WHAT IS EXPECTED: Write the listing out once more, identical to the original but without pictures.

━━━━━━━━━━━━━━━━━━━━

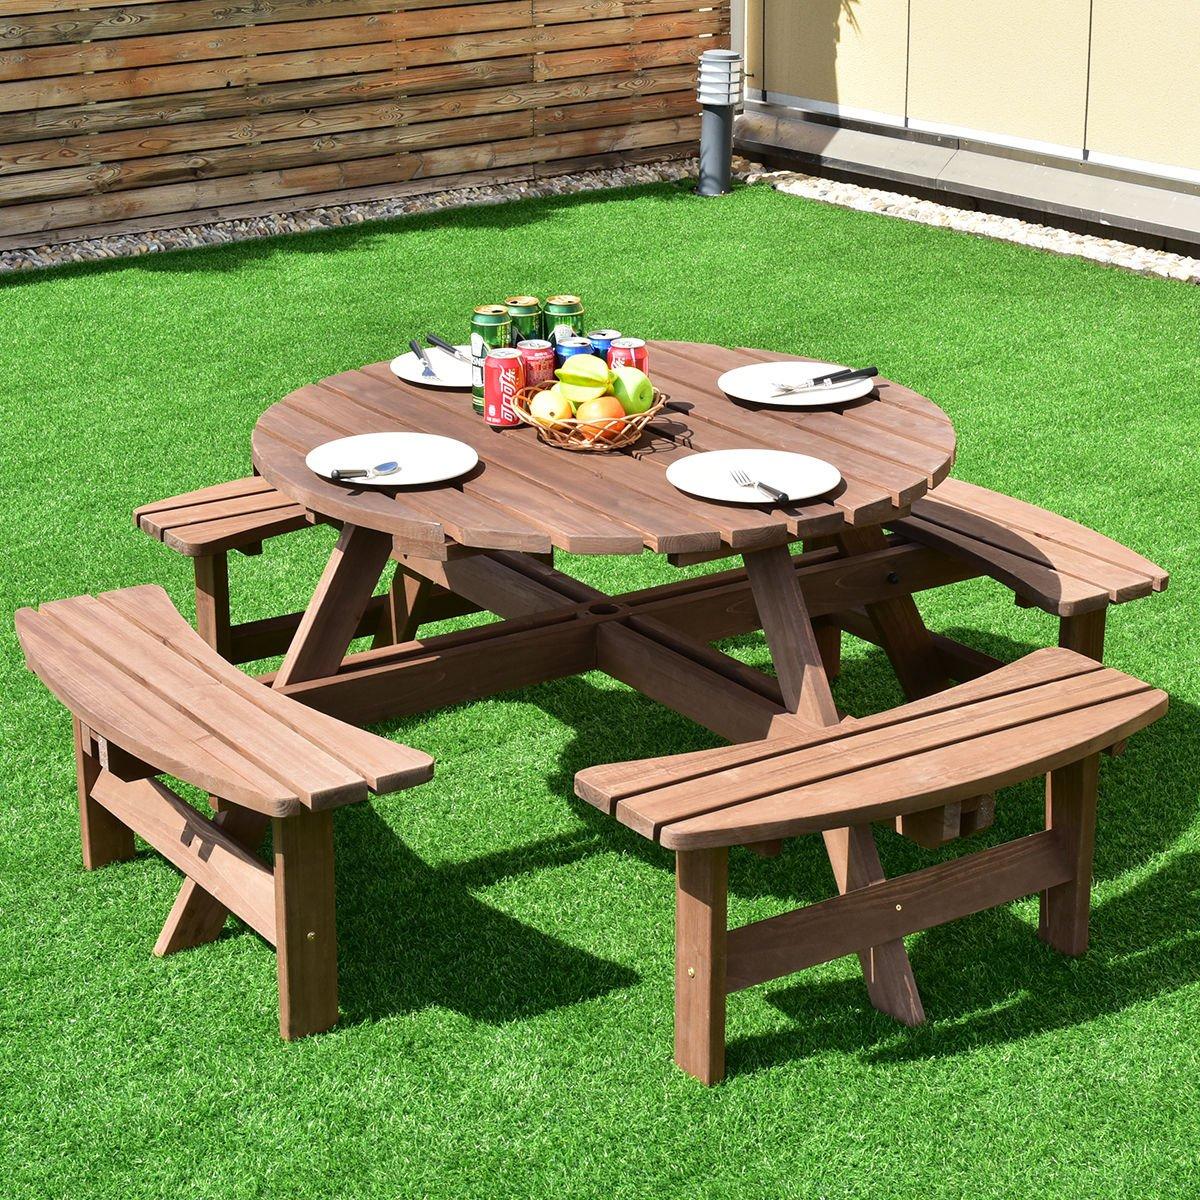 Amazon.com: Giantex - Juego de mesa de picnic redonda para 6 ...
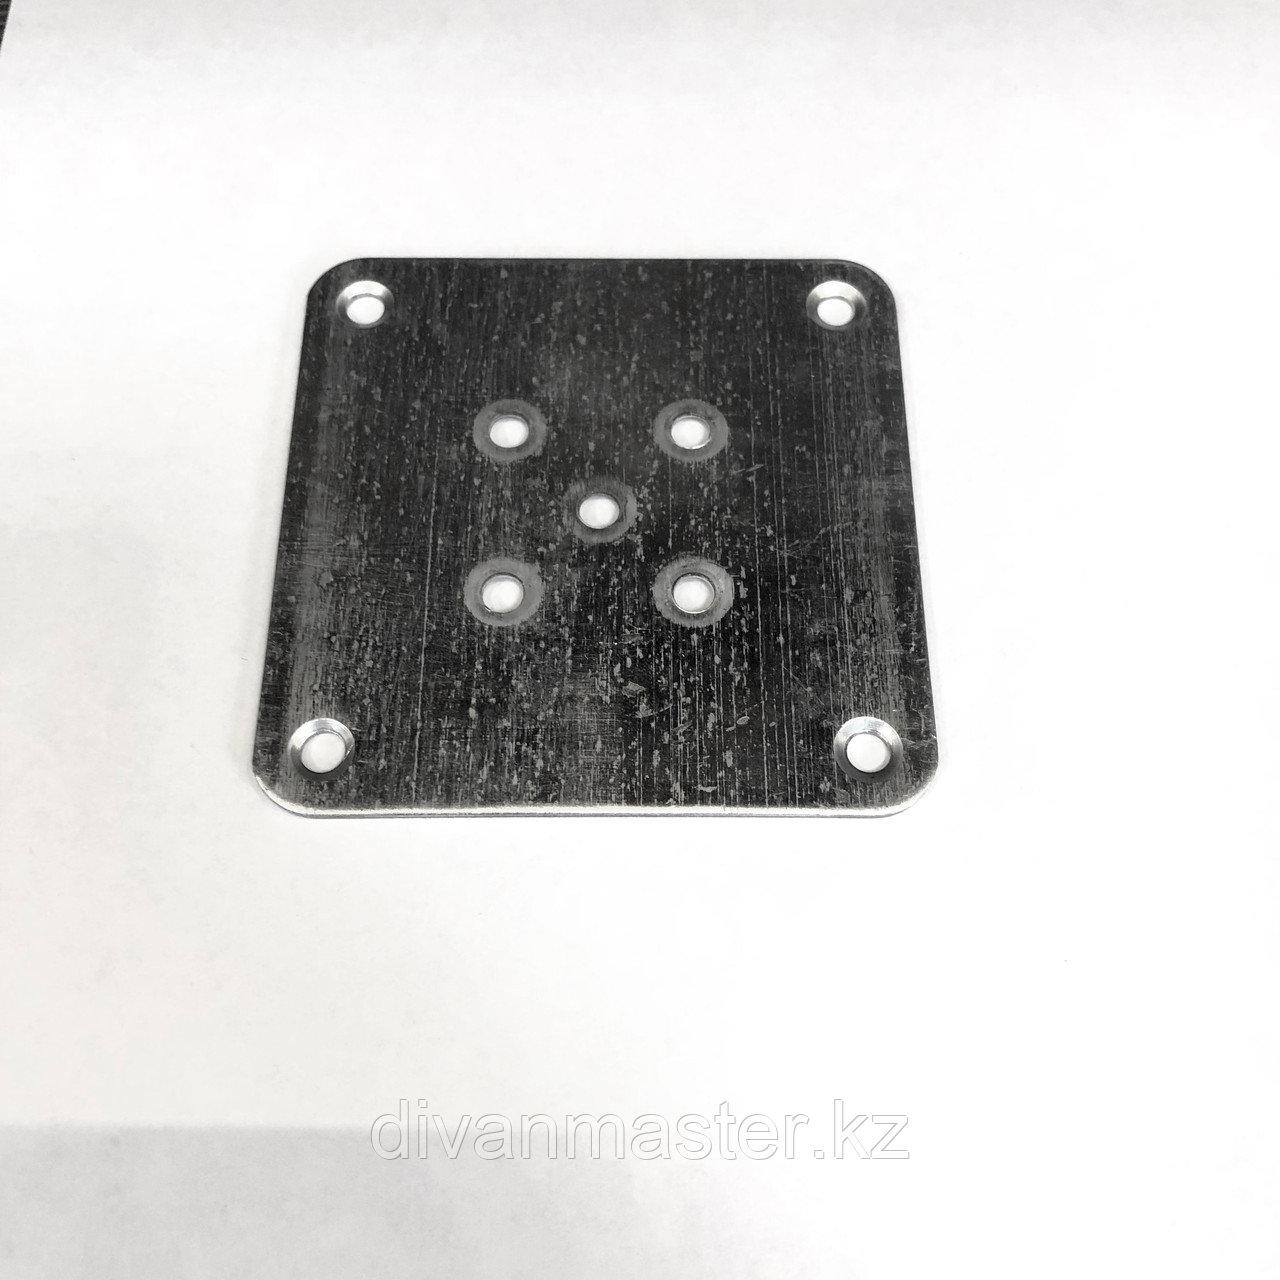 Пластина для крепления деревянных, мебельных опор 8,5х8,5см
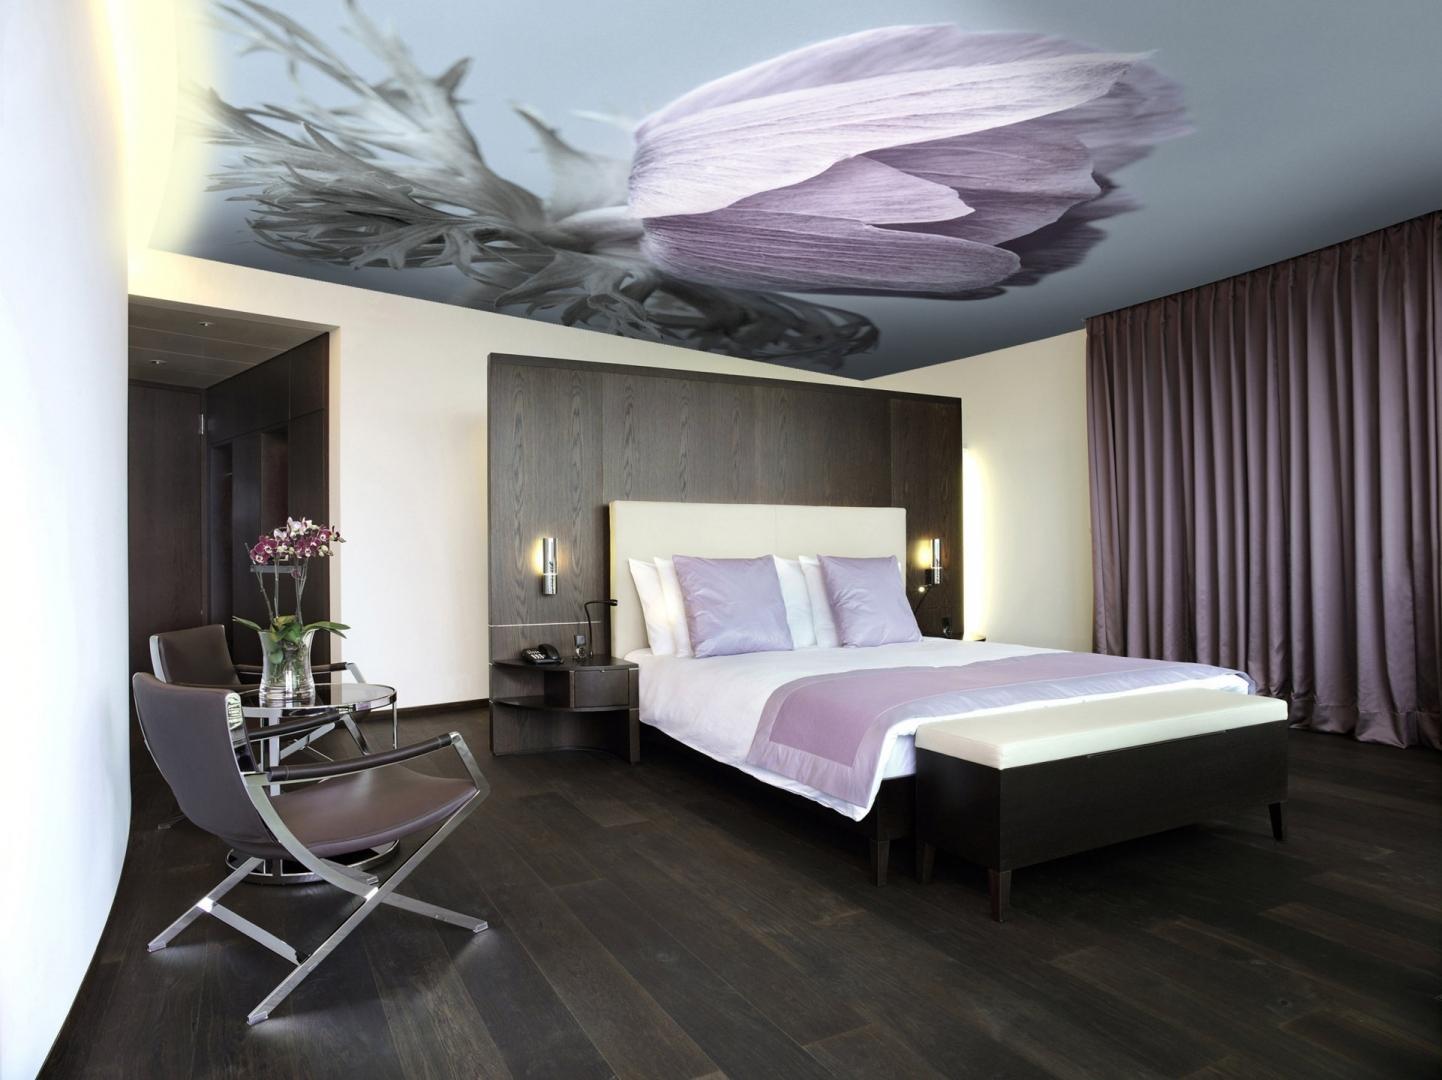 чего натяжной потолок с фотопечатью в спальне фото попасть комплекс новоафонских
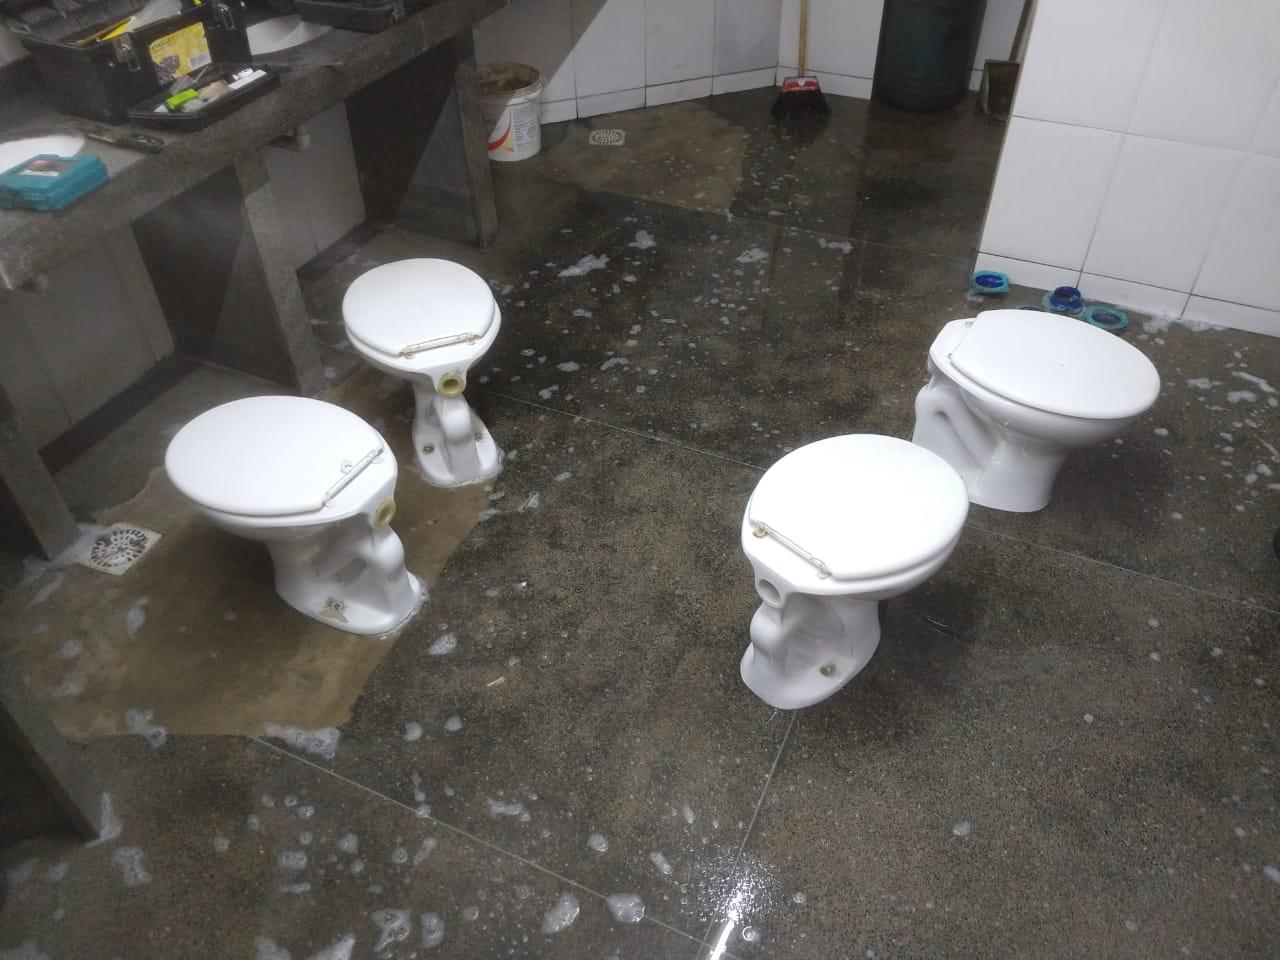 Vasos sanitários tirados de suas instalações (Fotos: Faol)
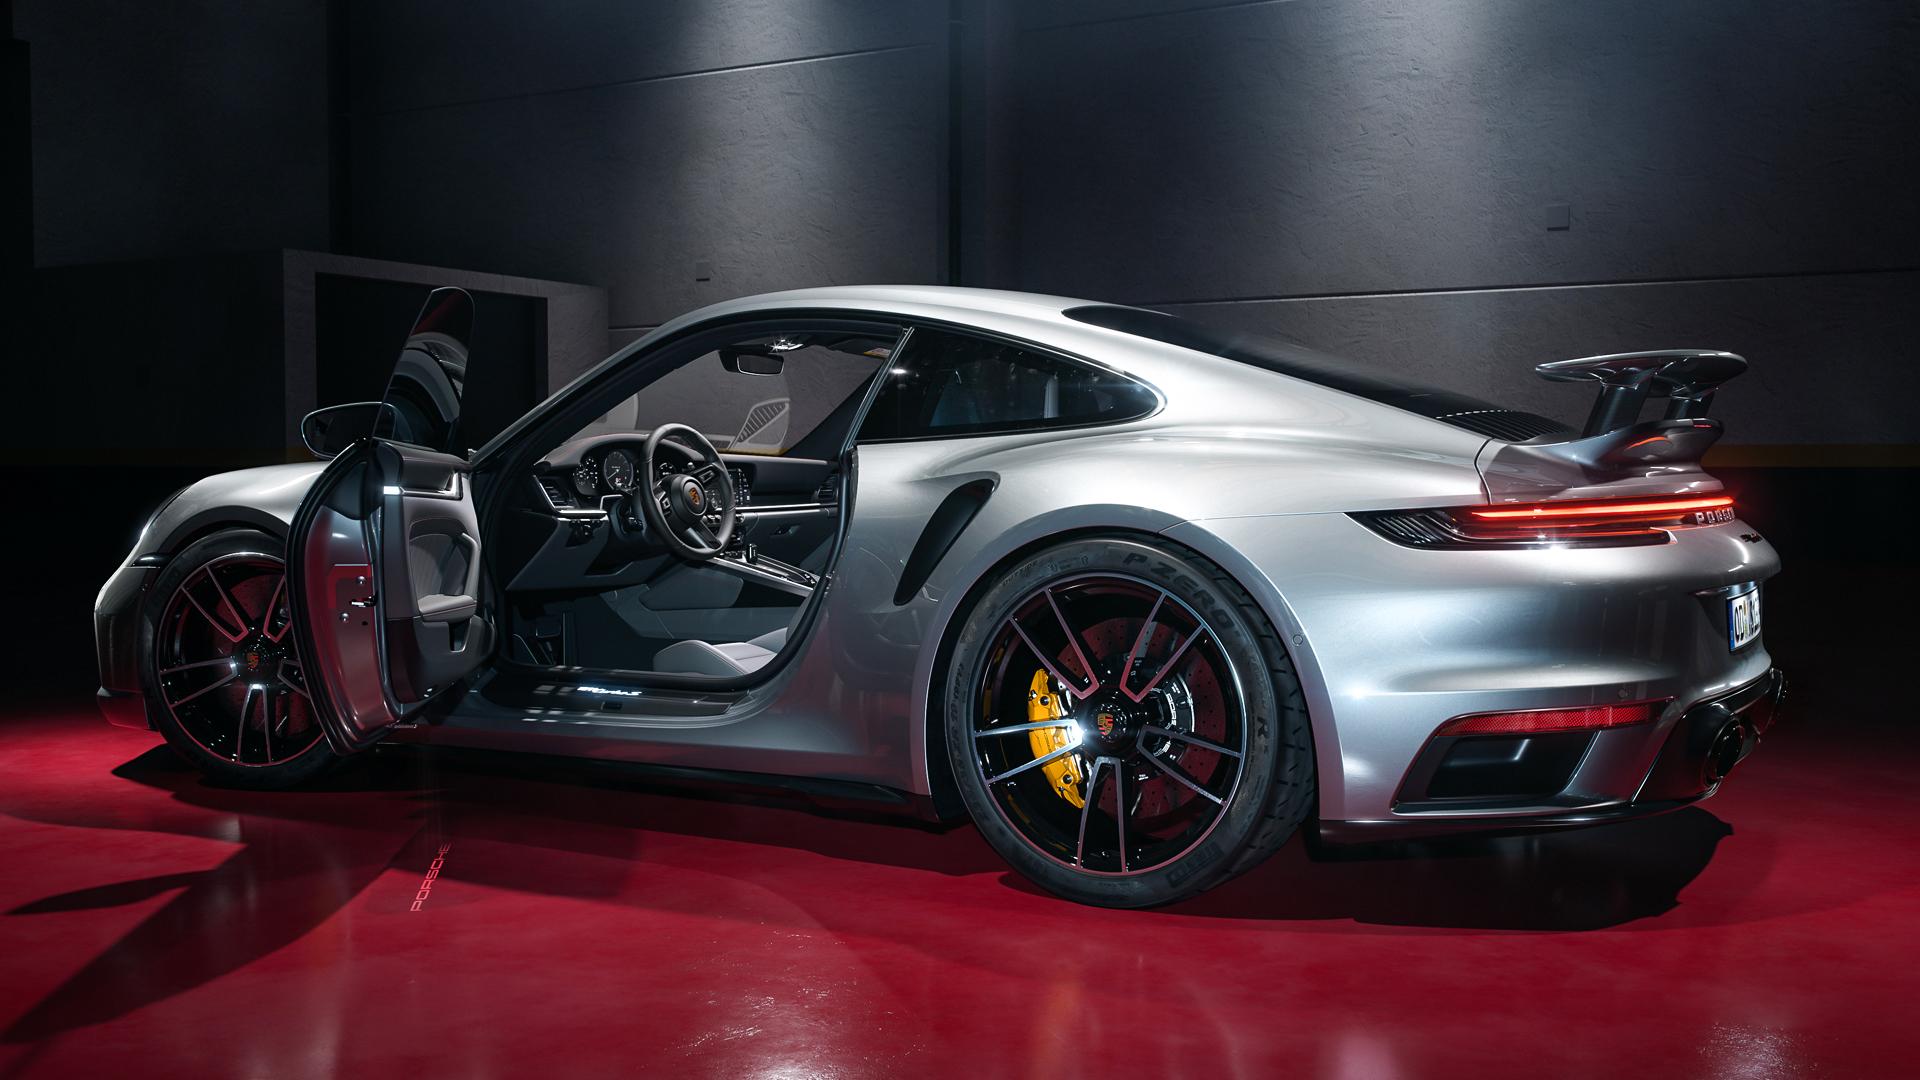 Porsche 911 Turbo S Full CGI

━━━━━━━━━━━━━━━━━━━━

RESULT FOR THIS TASK:
 Amazon.com: Giantex - Juego de mesa de picnic redonda para 6 ...
 Пластина для крепления деревянных, мебельных опор 8,5х8,5см
 чего натяжной потолок с фотопечатью в спальне фото попасть комплекс новоафонских
 Vasos sanitários tirados de suas instalações (Fotos: Faol)
 Porsche 911 Turbo S Full CGI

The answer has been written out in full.